I remember why adventure games died. Friday / 03.09.07 / 12:15PM / Joe
Spoiler Week continues, now teetering relentlessly towards Chulip.
Chulip is the hardest game in the world.
It's an adventure game, so you have to figure things out by exploring. It wouldn't be so bad if the game didn't insist on punishing you for exploring...
And even that wouldn't be so bad if the game didn't have an antiquated save system, where you can only save in certain locations. This game is rough.
This is why adventure games died... because we all got tired of the endless trial-and-error with little to no clues. If you need a hint book to get through the game - and I mean you need it to figure stuff out, not just using it to find sidebar quests or hidden junk - you end up feeling like you're reading an interactive novel, not playing a game.
Sam and Max had stuff in it that made no sense, or requirements that you were just too likely to keep missing. I never would have discovered that their office is two screens long on my own. Never. There's nothing to make you think that you can walk to the right and push the background to reveal a storage closet (which contains an absolutely necessary item.) Either you got lucky and discovered it on your own, or you looked it up in the hint book seven hours later. And that's not even a truly egregious example, just the first one I could recall.
Even Animal Crossing was like this... how would anybody ever had figured out the Perfect Town crap without getting the info from an online guide?
All the adventure games of the classic era had stuff like that in them, but where they deviate from Chulip is that they didn't kill you over it.
Chulip is also really bad about giving good hints. Or at least, it's really uneven about it.
The basic grind of the game has you kissing people to add to your heart strength. Most of the kissable citizens are found in underground holes. You look in the hole and you get a short clue about what this person likes or wants before they'll accept a kiss. These folks only come out of their holes at certain times of the day, but most of them don't say when that will be. All you know is that, when they do show up, they will walk around for a few moments, animating I'm Pissed Off, which means you can't get near them... except for a split second when they animate little happy music notes: the Kissing Moment.
So you probably don't know when you will see them so you can kiss them. You might have an idea about when you should go for the kiss, or you might not. And even if you do see them, they may very well not ever give you the Kissing Moment, either because their shtick is tied into something else you haven't done yet, or just due to complete random happenstance.

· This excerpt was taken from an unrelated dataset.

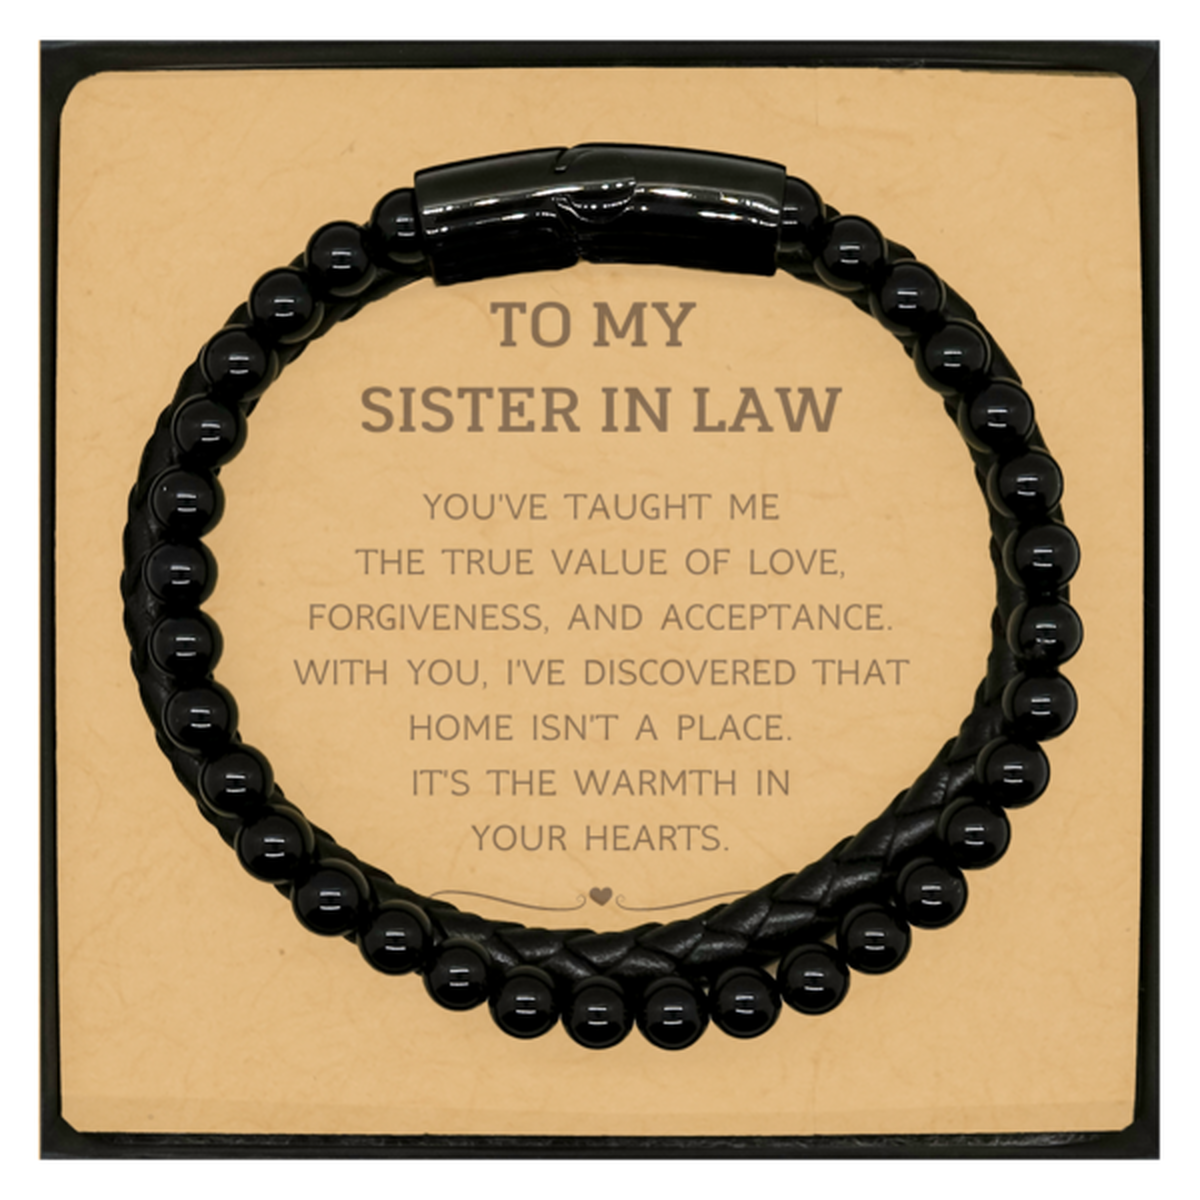 To My Sister In Law Gifts, You've taught me the true value of love, Thank You Gifts For Sister In Law, Birthday Christmas Stone Leather Bracelets For Sister In Law

Example: Mr. Apollo takes off like a rocket every day around 1pm. He's one of the few who tells you his time. Your only chance to kiss me occurs when he lands, and lands correctly. If he lands on his head, he goes right into pissy mode and attacks you. Whether or not he lands correctly is a coin flip. I have parked myself near his hole at least twenty times, and I only saw him land it once. And I missed the kiss anyway.
Example 2: Dr. Fill bounces out of his hole on springy shoes sometime in the middle of the night, but he will not allow a kiss until a (seemingly) unrelated storyline event happens (Mrs. Plum loses her teeth). Before that, he remains completely unapproachable, not that you'd know any of this from the supposed hints.
Then there's the stone tiger guy who runs the bathhouse. In order to get his kiss, you have to pay 200z to gain entry to the male side of the bath sometime after 6pm. After undressing, you have to use the faucets in the following order: right, left, right, left. Then you have to stand on a bucket and trigger a silly balancing animation. Then you get in the tub until your eyes shock open in surprise, at which point you can kiss the tiger guy. Now where is the hint system to explain that to me?
Beyond that, there's another underground character (Turtle Boy) who has a 50/50 shot at allowing a kiss, but only if you're undressed... so his Kissing Moment is contingent on doing the 200z bathhouse trip and then sneaking outside while still nearly-naked.
And don't even get me started on the arcane guesswork required to kiss Dr. Dandy.
Not all of the game is this bad, just enough that it really inhibits your fun value. On one hand, the game expects you to explore to find the solution to all the various puzzles... but on the other, it will slaughter your soul and make you replay for hours if you're not careful about it. Especially in the beginning (because your heart meter is low), which is a game-killing sin.
How do I know all of these tricks, by the way? Because I gave up and started peeking through the strategy guide that inhabits the back half of the Chulip manual. I'm having a lot more fun now, because I at least have some guidance as to what the hell is going on.
I've always said that going to FAQs and guides is a renter's cop-out and does nothing but speed-play you into a joyless experience. The underlying premise to that is that it only applies when the game is good... well-designed with in-game hints, a logical task progression, and its own internal logic.
When the game is fundamentally flawed in the way that Chulip is, however, all bets are off. Without that strategy guide (which is kinda vague anyway), there is no gamer out there who stands a chance in hell of finishing the game.